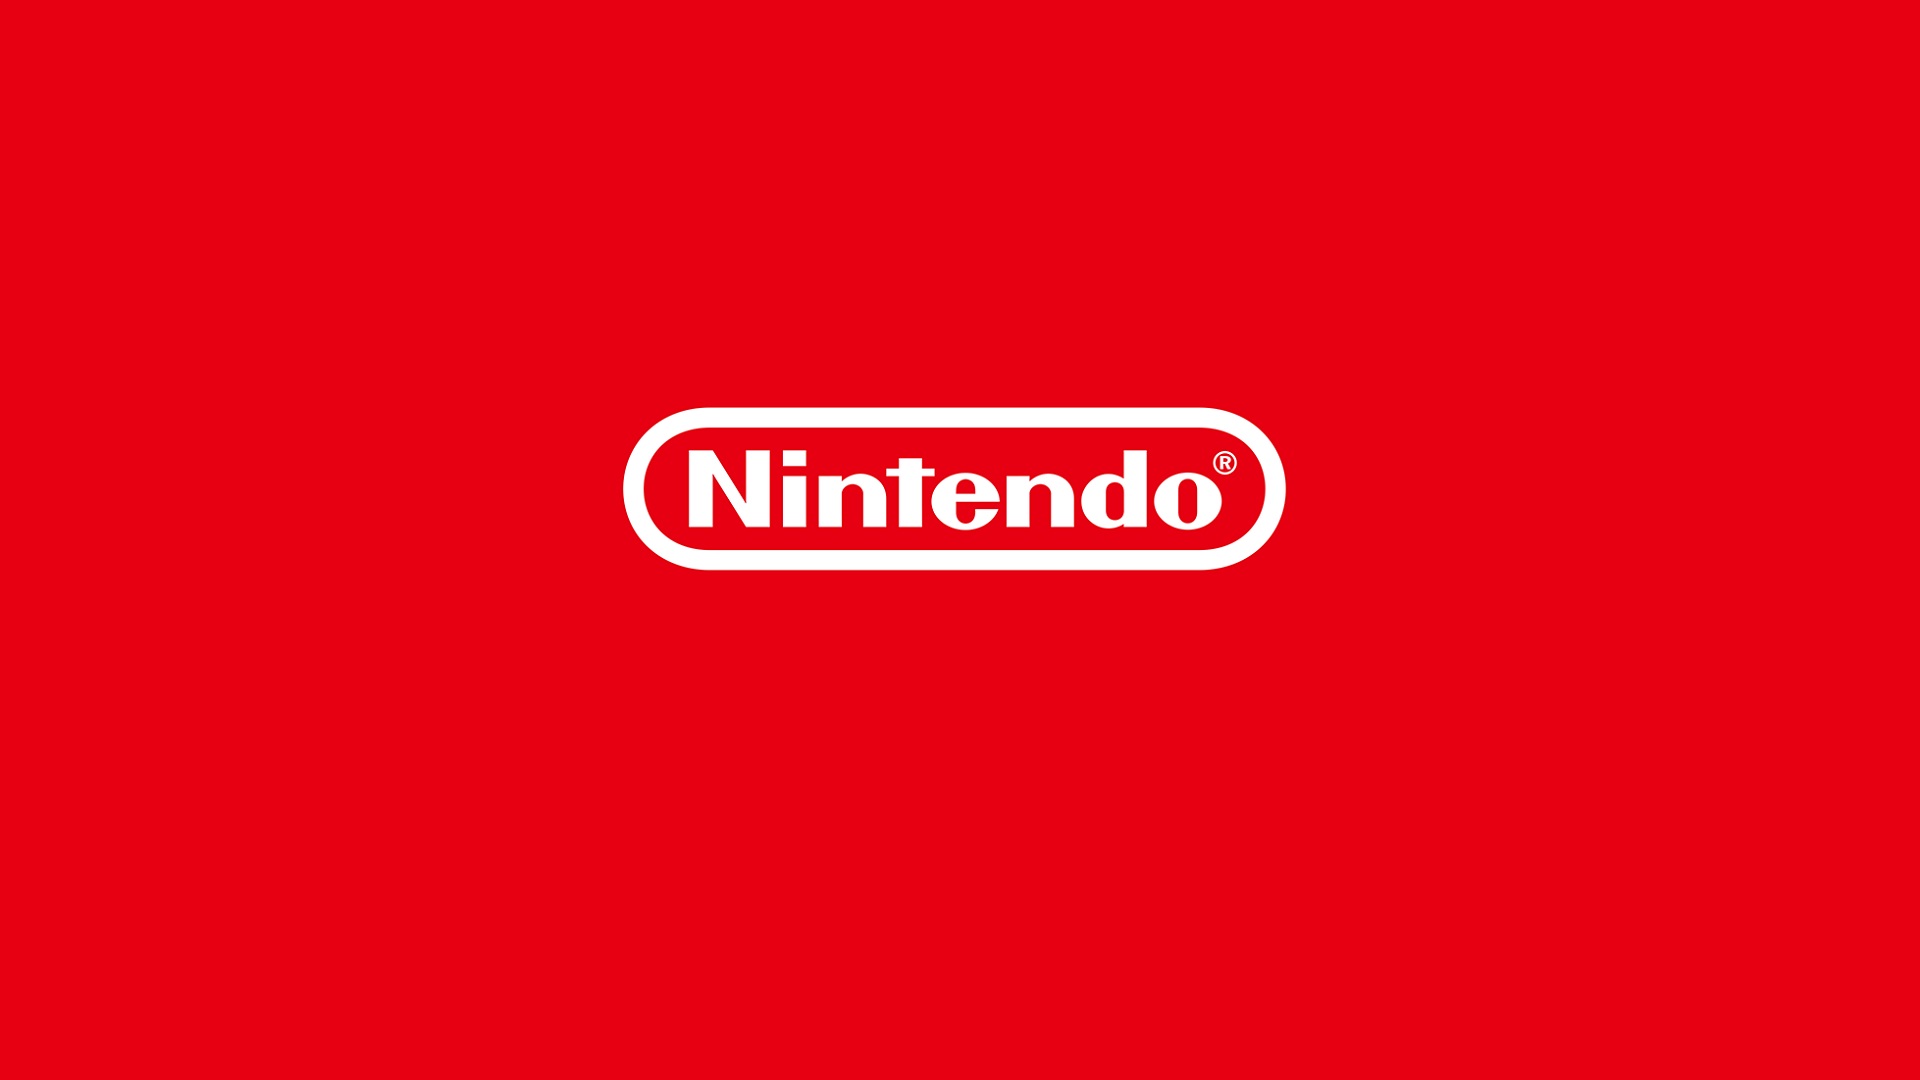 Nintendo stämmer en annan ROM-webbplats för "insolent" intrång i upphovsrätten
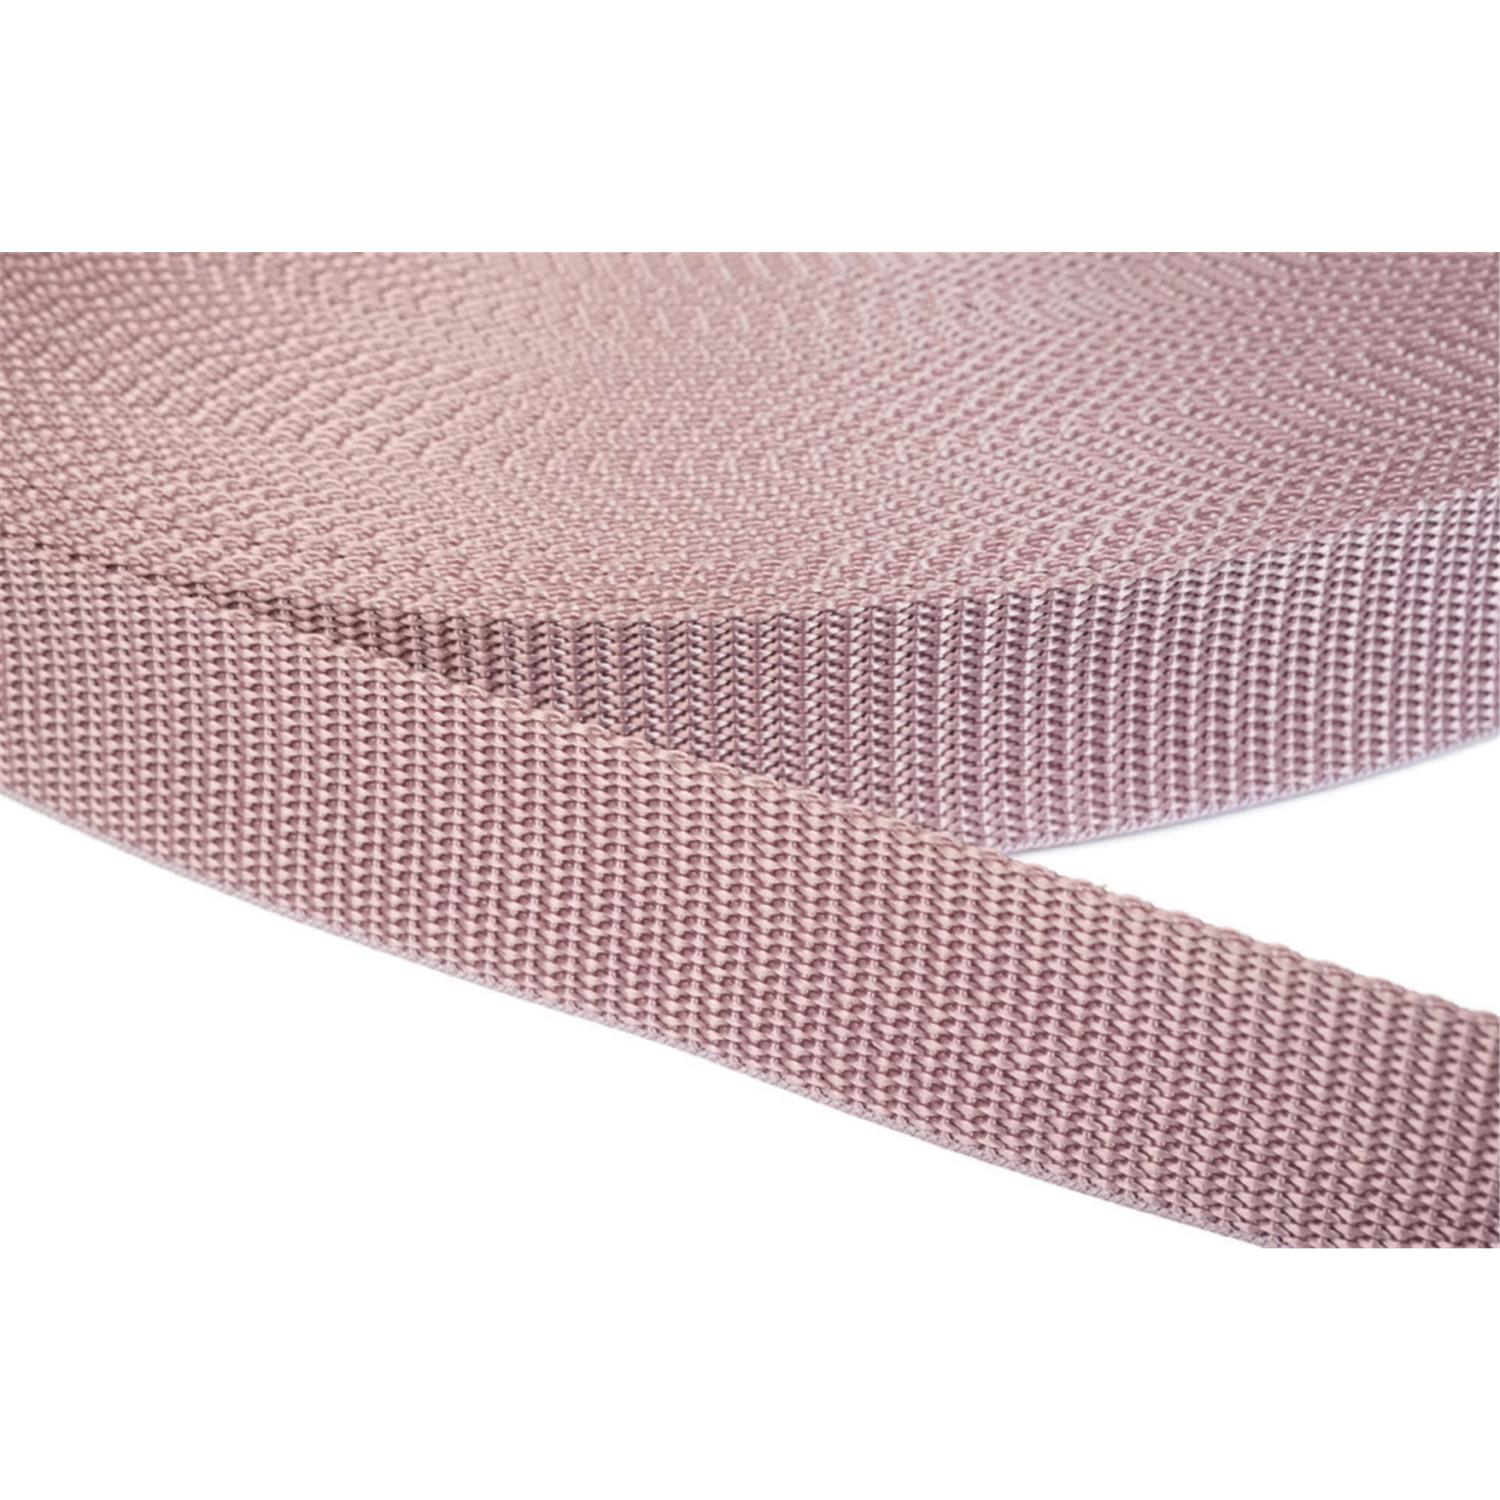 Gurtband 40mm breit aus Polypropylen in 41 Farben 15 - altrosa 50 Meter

- - - -

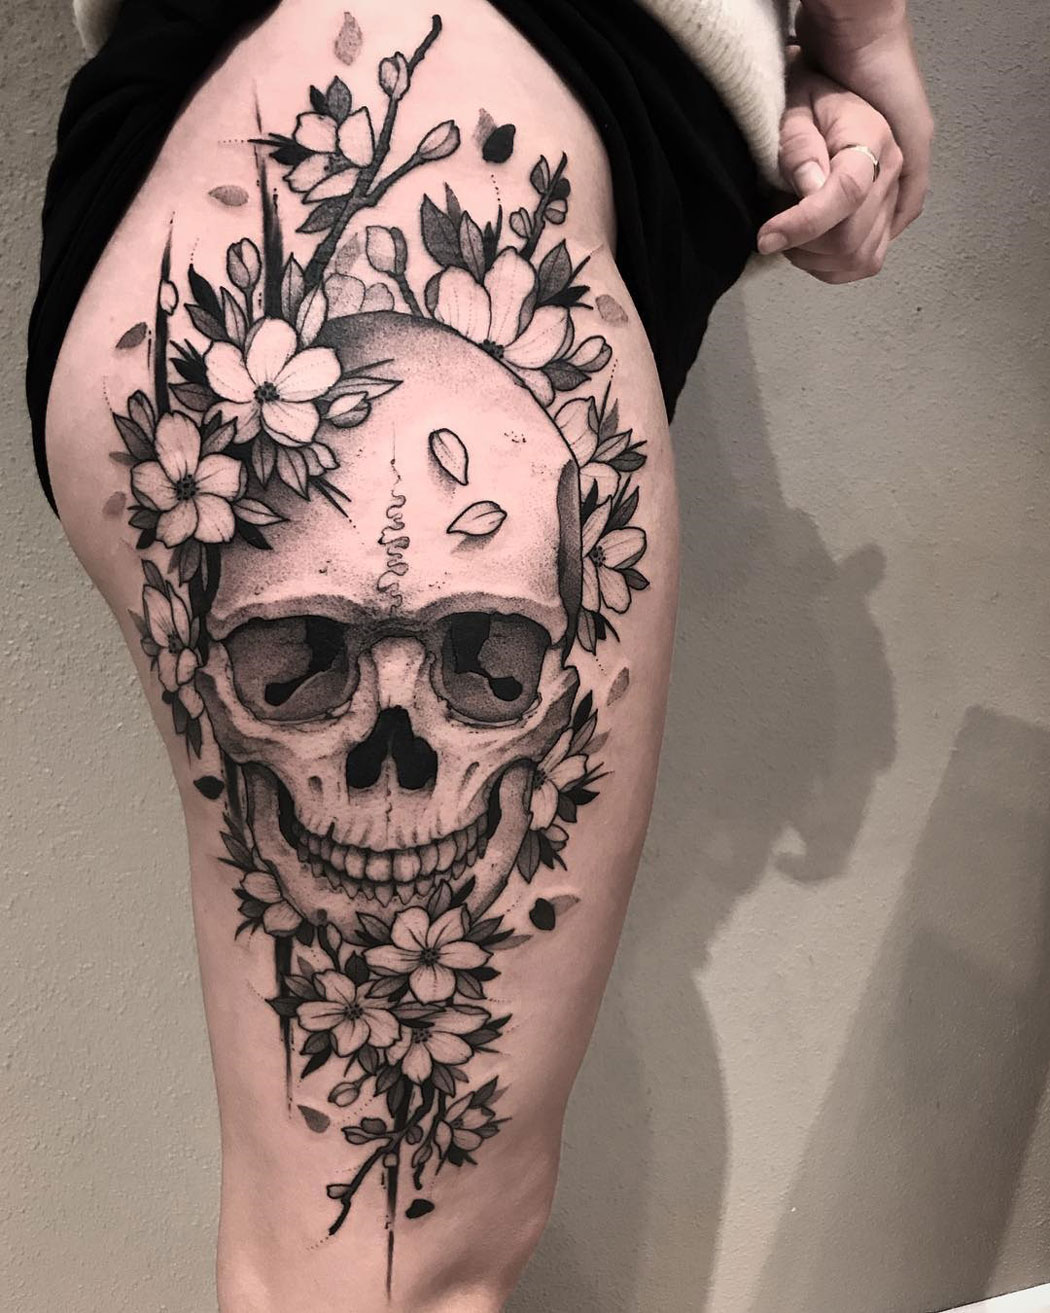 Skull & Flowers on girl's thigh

- - - -

Instructions for the task >>
For this exercise, please set down exactly the lines of the listing above from the line with "Nintendo stämmer en" up to and including the line with "Gurtband 40mm breit", and no pictures.

Response to this task >>
 Nintendo stämmer en annan ROM-webbplats för "insolent" intrång i upphovsrätten
 Gurtband 40mm breit aus Polypropylen in 41 Farben 15 - altrosa 50 Meter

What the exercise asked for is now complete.